- EXERCISE GOAL: Would you write out the listing verbatim and skip every picture in it?

- DATASET EXTRACT:
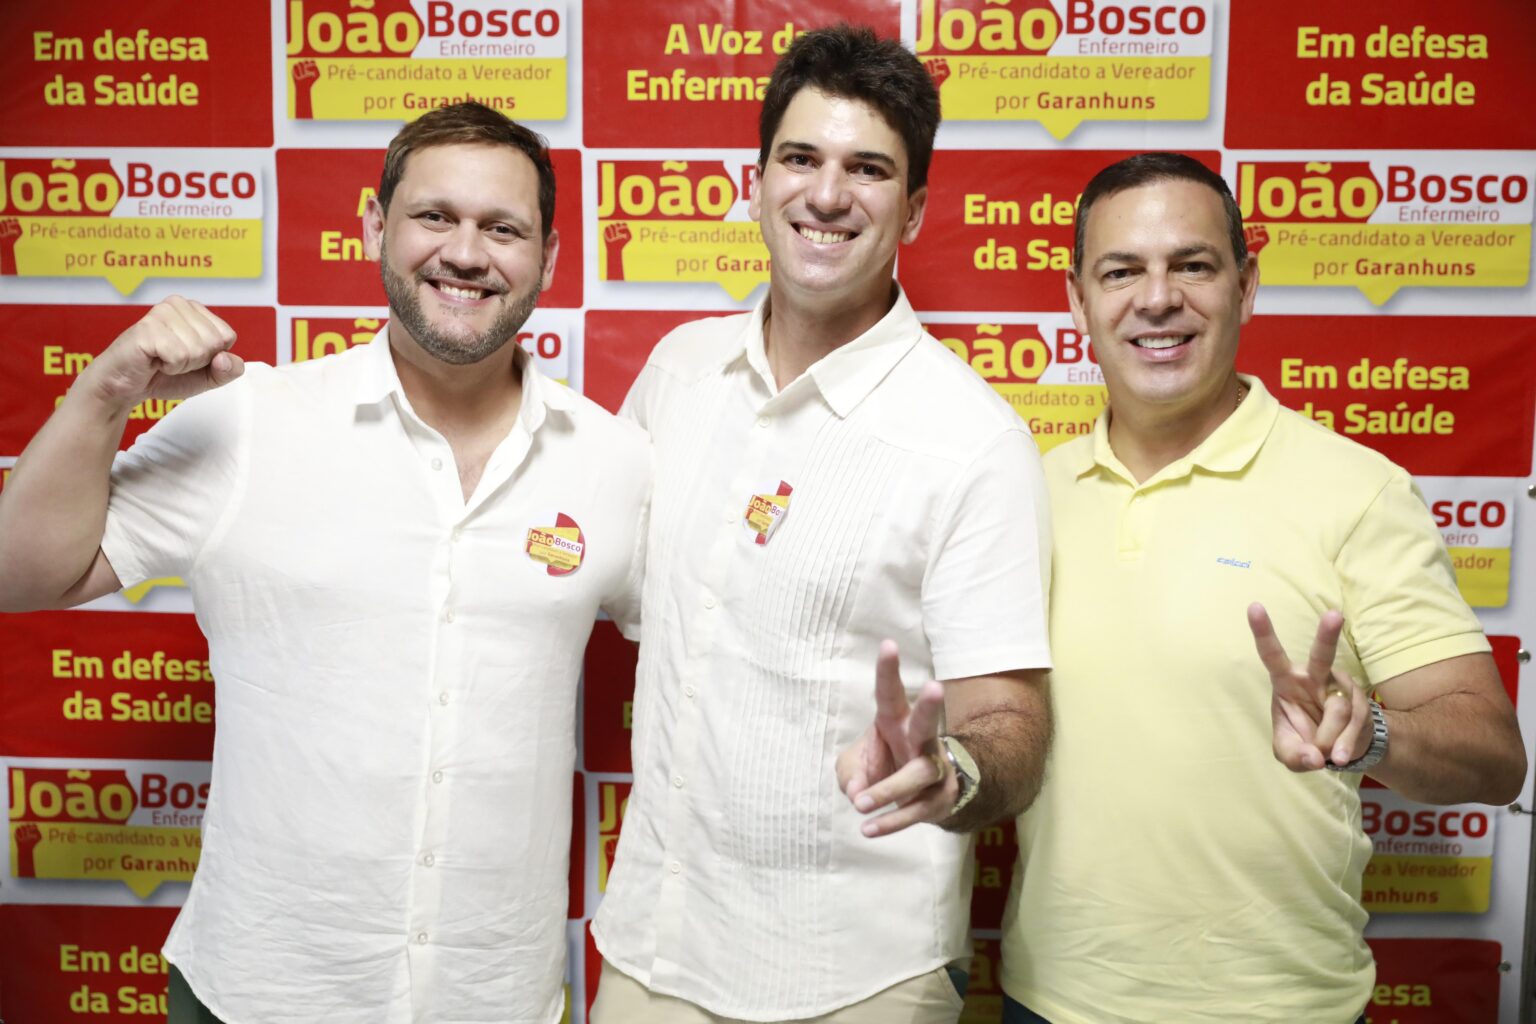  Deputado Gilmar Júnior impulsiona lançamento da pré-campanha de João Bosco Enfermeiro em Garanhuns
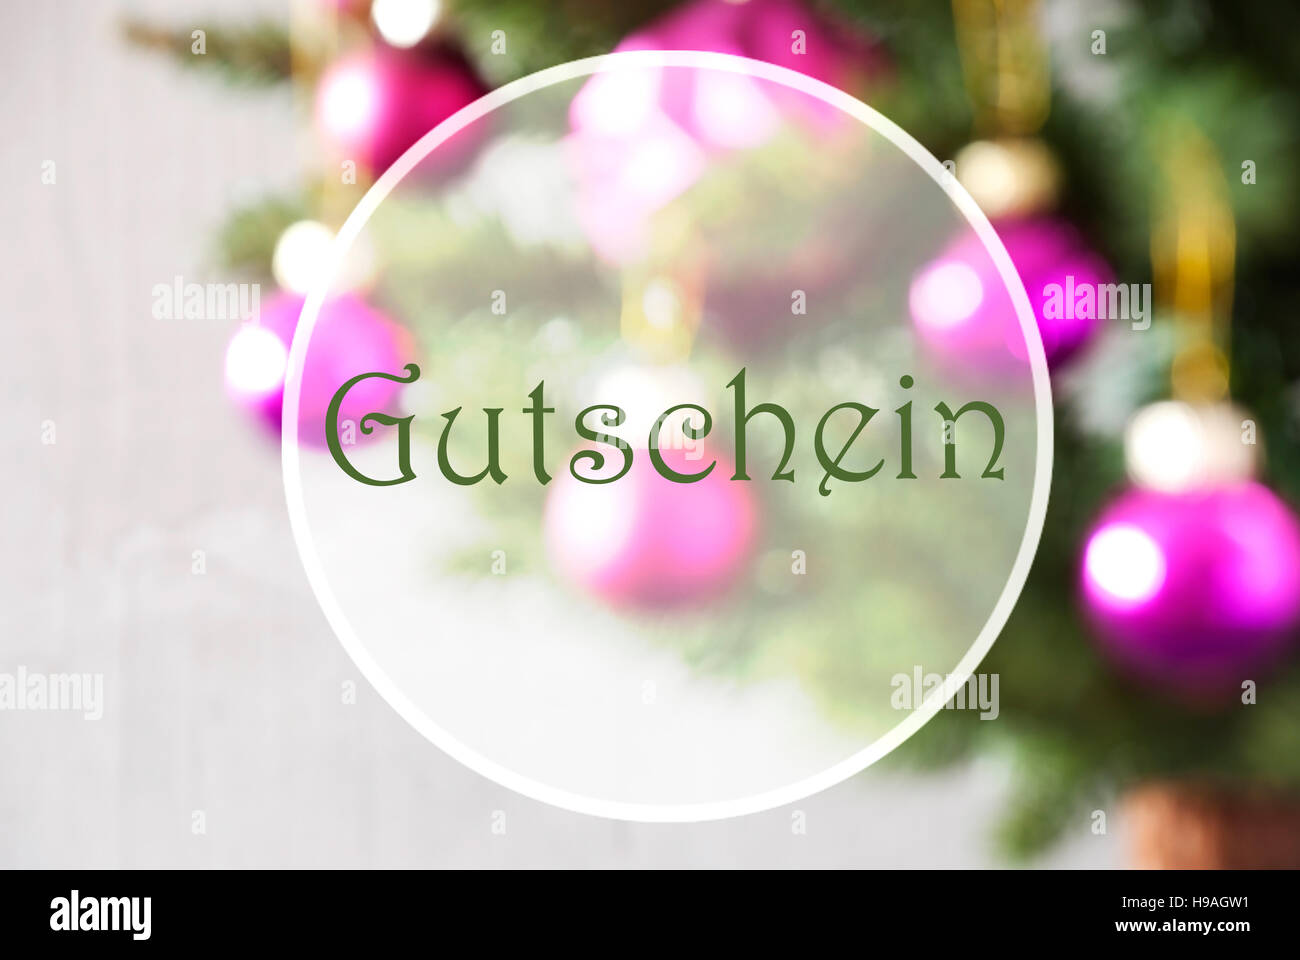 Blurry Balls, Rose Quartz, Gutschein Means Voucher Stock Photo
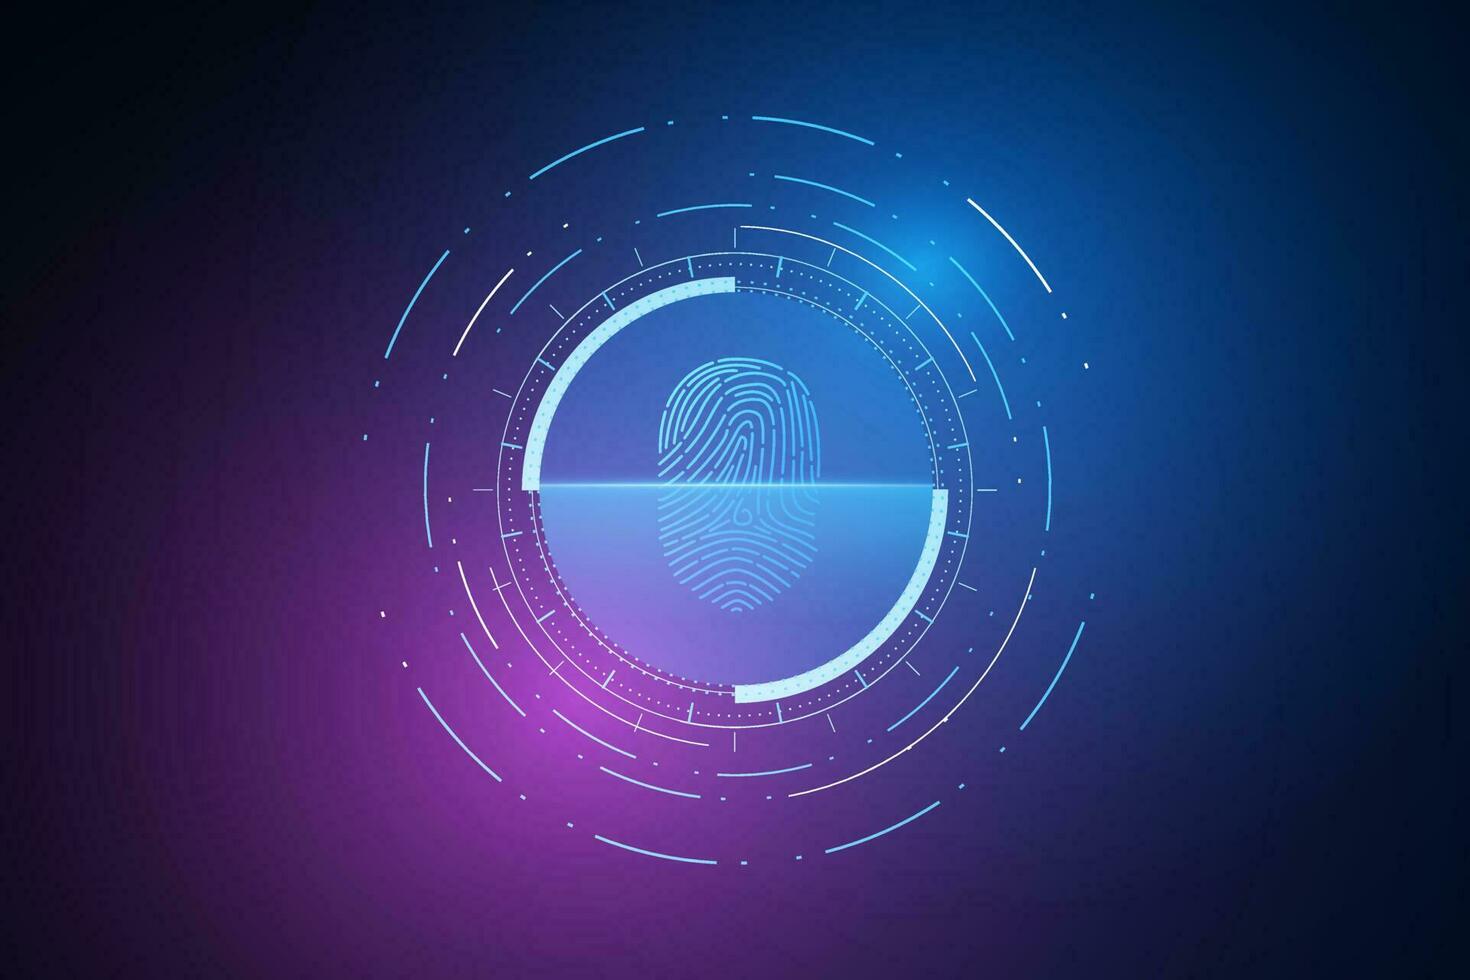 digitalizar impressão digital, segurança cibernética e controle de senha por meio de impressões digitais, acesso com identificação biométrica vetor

- WRITTEN REPLY:
  Deputado Gilmar Júnior impulsiona lançamento da pré-campanha de João Bosco Enfermeiro em Garanhuns
 Blurry Balls, Rose Quartz, Gutschein Means Voucher Stock Photo
 digitalizar impressão digital, segurança cibernética e controle de senha por meio de impressões digitais, acesso com identificação biométrica vetor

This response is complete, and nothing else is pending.